Sunday, July 14, 2013

Dirty genomics and proteomics

The term "dirty genomics" is a new one to me as of this morning, but it is good name for something that is coming up all the time now:  how do we use this wealth of high throughput genomics data that keeps pouring down the pipeline?

Many of these sequences are incomplete and virtually all are annotated by algorithm only.  From what I've seen, these algorithms struggle with fitting the sequences into a specific template (like FASTA).  But they are undoubtedly very valuable.

For many organisms, these incomplete sequences are all that are available.  On top of that, I have heard from a number of researchers that supplementing the standard human FASTA databases with incomplete sequencing data from that particular cell line strain (or person) adds significant value to the proteomics data set.
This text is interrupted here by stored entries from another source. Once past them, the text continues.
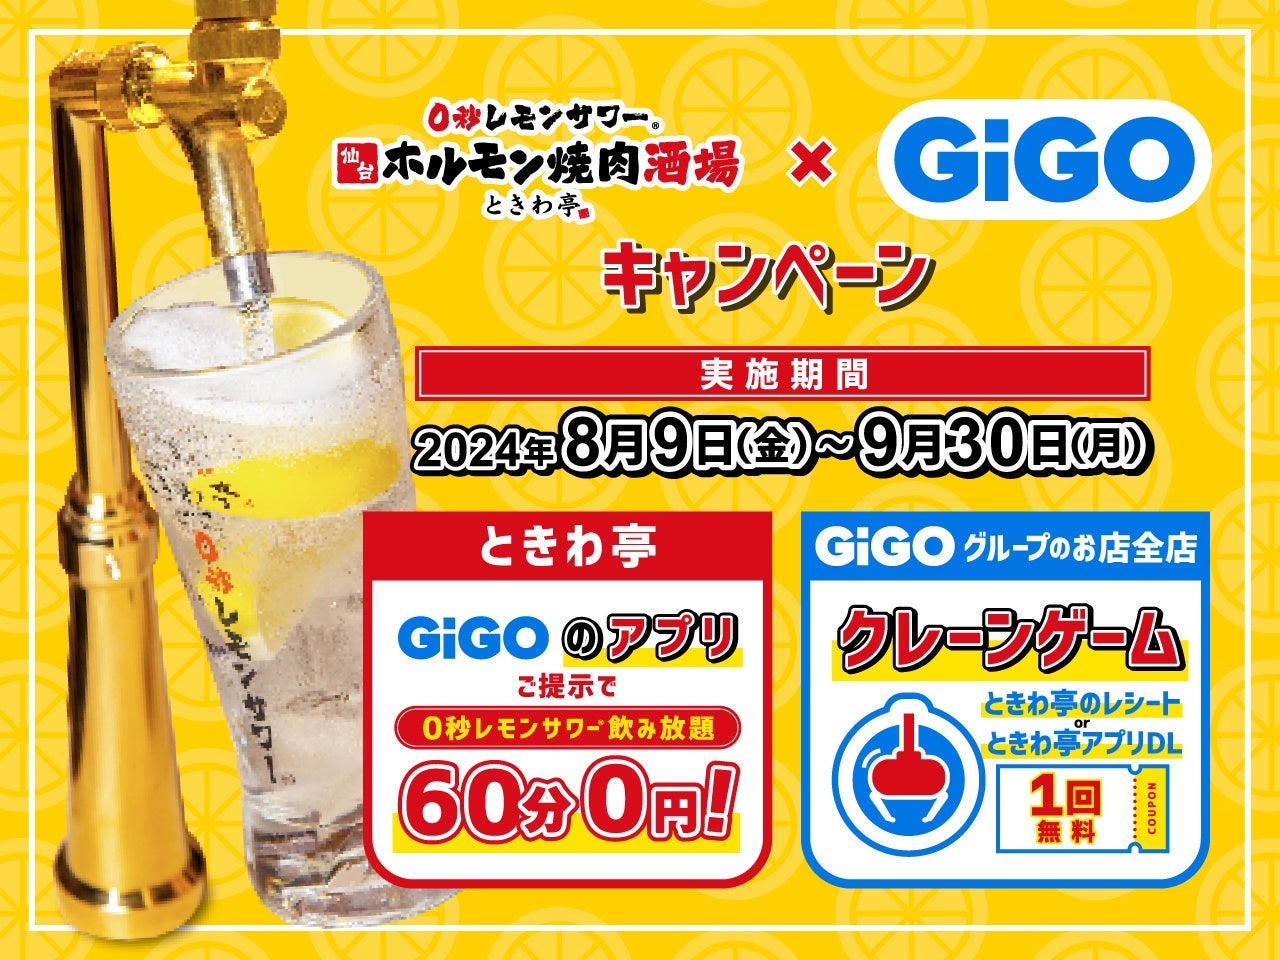 「GiGOアプリ」の提示で「0秒レモンサワー」が無料に「0秒レモンサワー®仙台ホルモン焼肉酒場 ときわ亭」コラボキャンペーン開催のお知らせ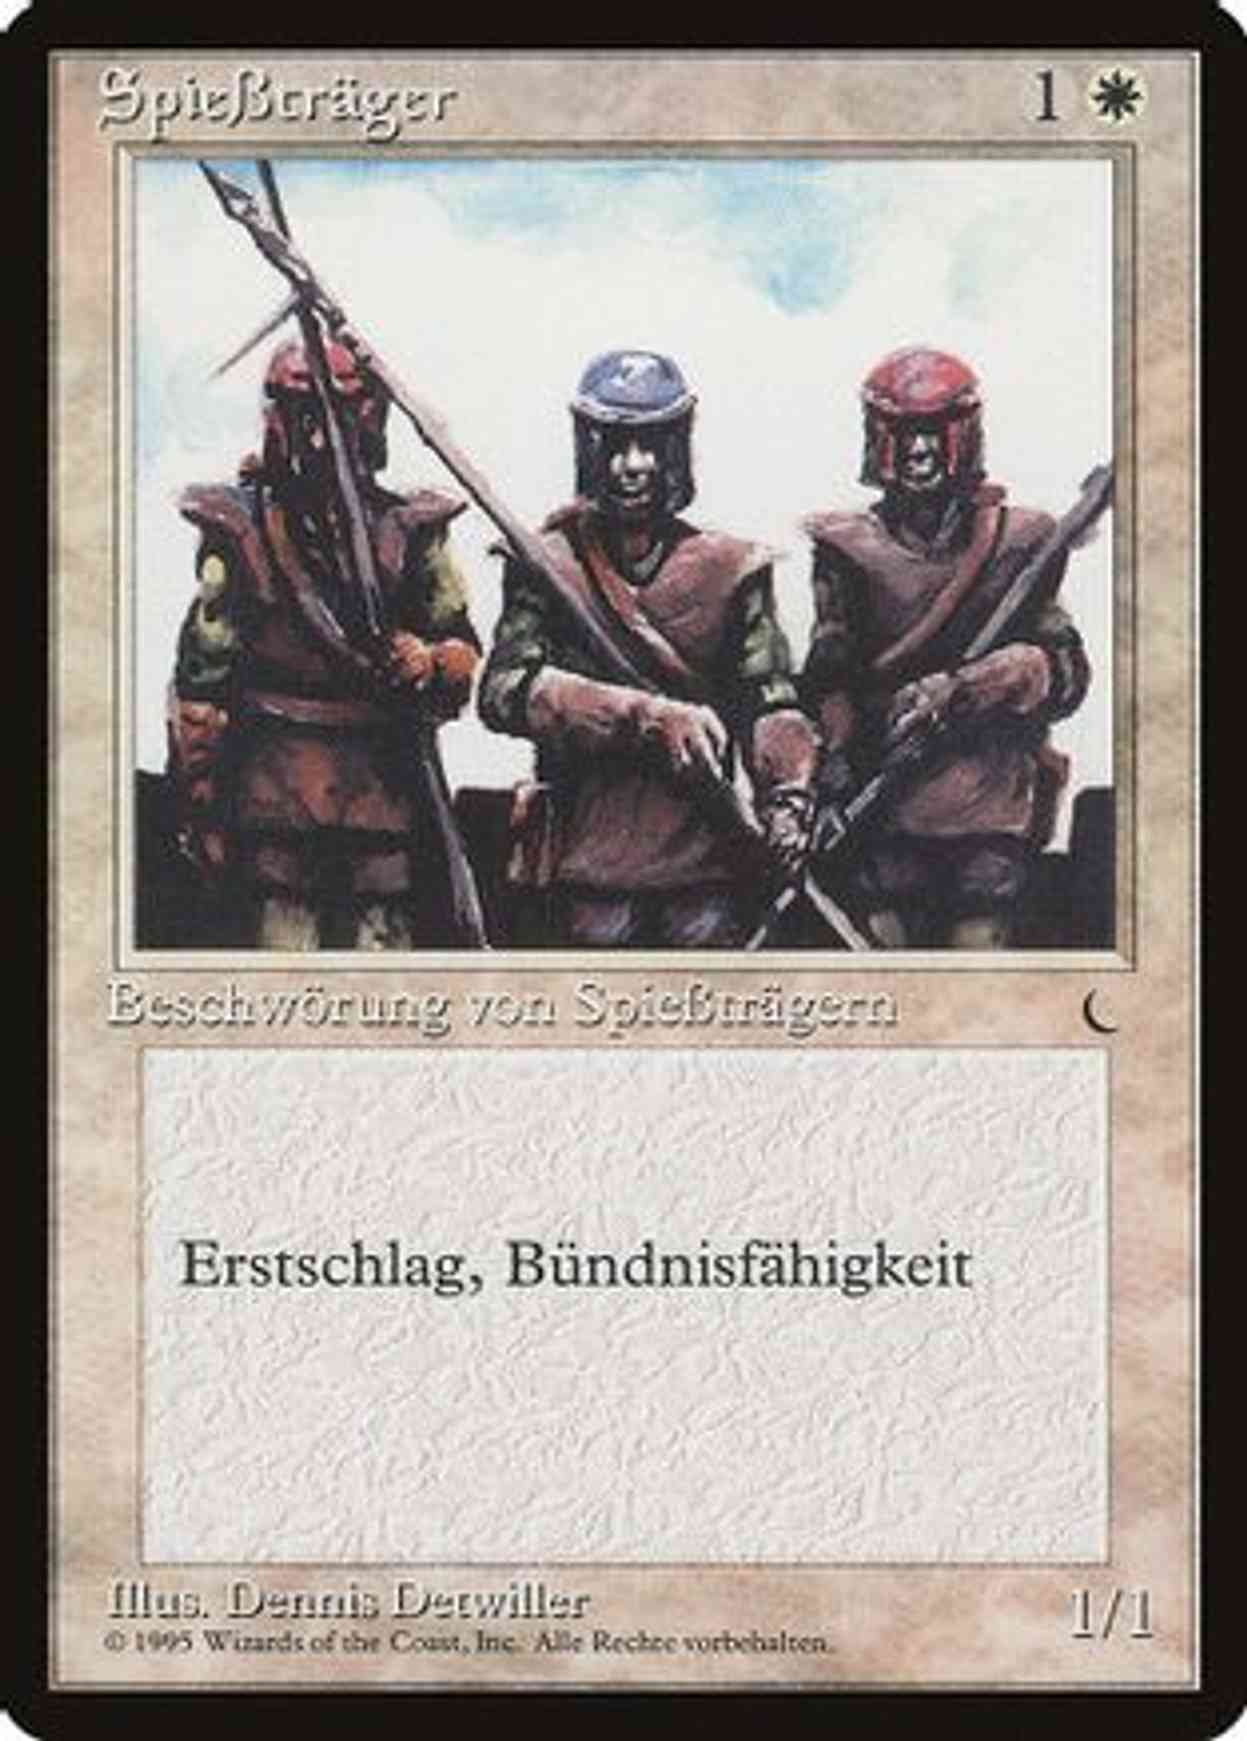 Pikemen (German) - "Spießtrager" magic card front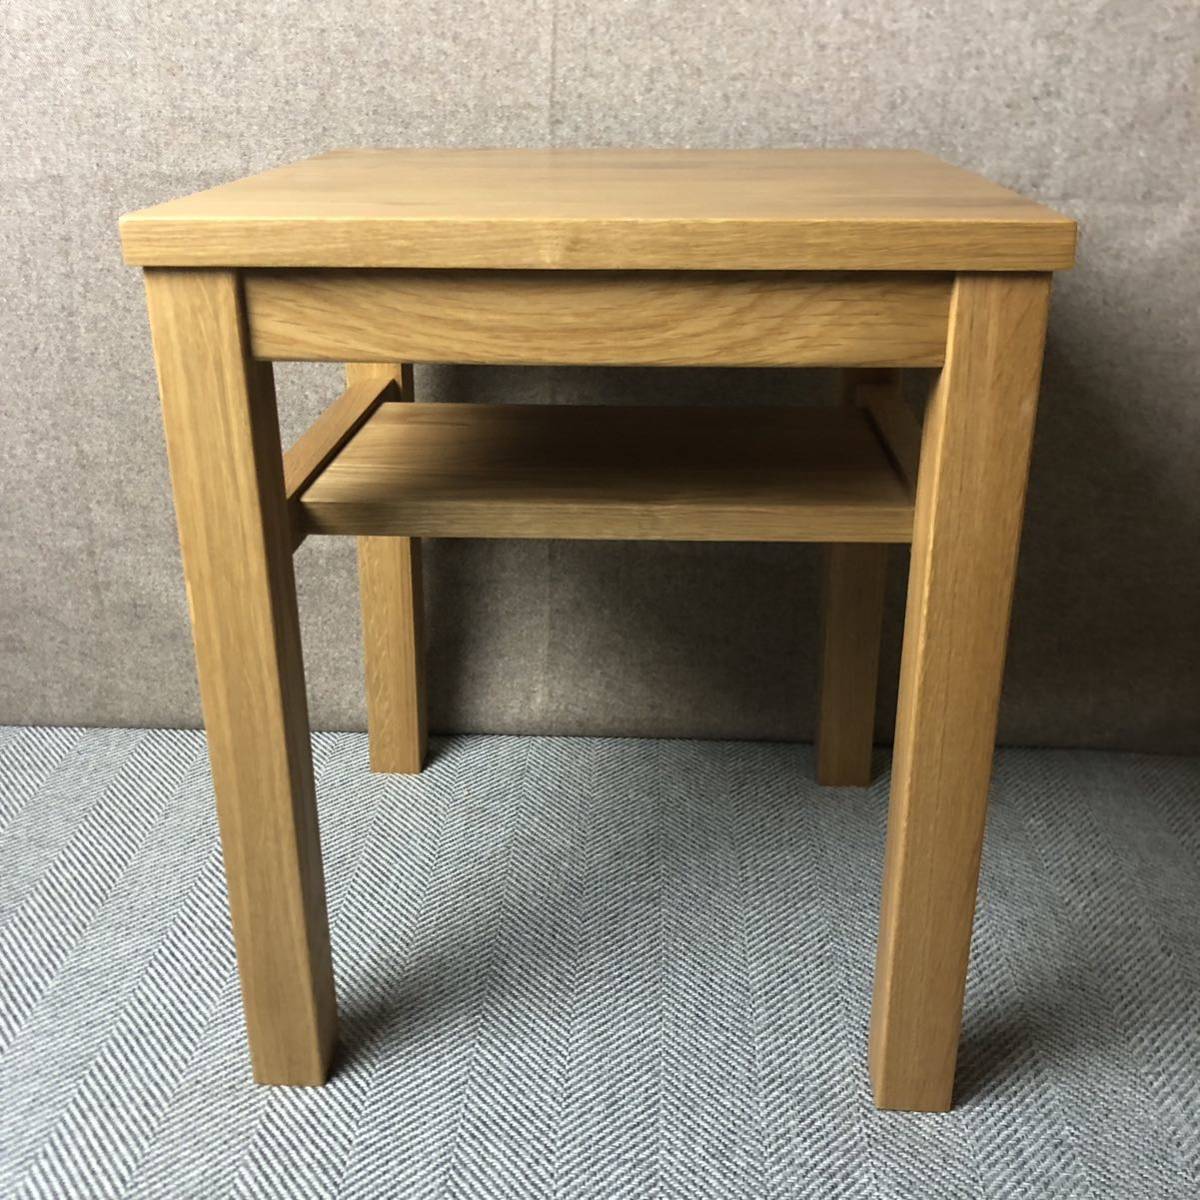 【送料無料】MUJI 無印良品 無垢材サイドテーブルベンチ・板座・オーク材/OHMR2160320003

The published information seems a bit limited at this point and appears to be limited to the microorganisms, but there is some out there, including this 2009 PlosOne article where they had success using an incomplete sequence.

I'm not going to introduce a solid opinion here, I need more data, but I really wanted to kick out this dirty genomics idea and the thought that this may be a resource we can use to improve our results.


  1. I agree in general to the idea of using genomics data (or transcriptomics) in a proteomics experiment. That's very interesting, indeed. Have you already dig into proteogenomics?

  2. Celine,
    I have had to do this to a certain extent during my previous life as a malaria researcher. We were updating our FASTA databases with the newly sequenced environmental isolates very commonly and occasionally going back to re-mine our old data with the new sequences as they appeared. I've also helped some people with this. I think the next challenge will be developing a high throughput manner in which we merge these rapidly growing data sources.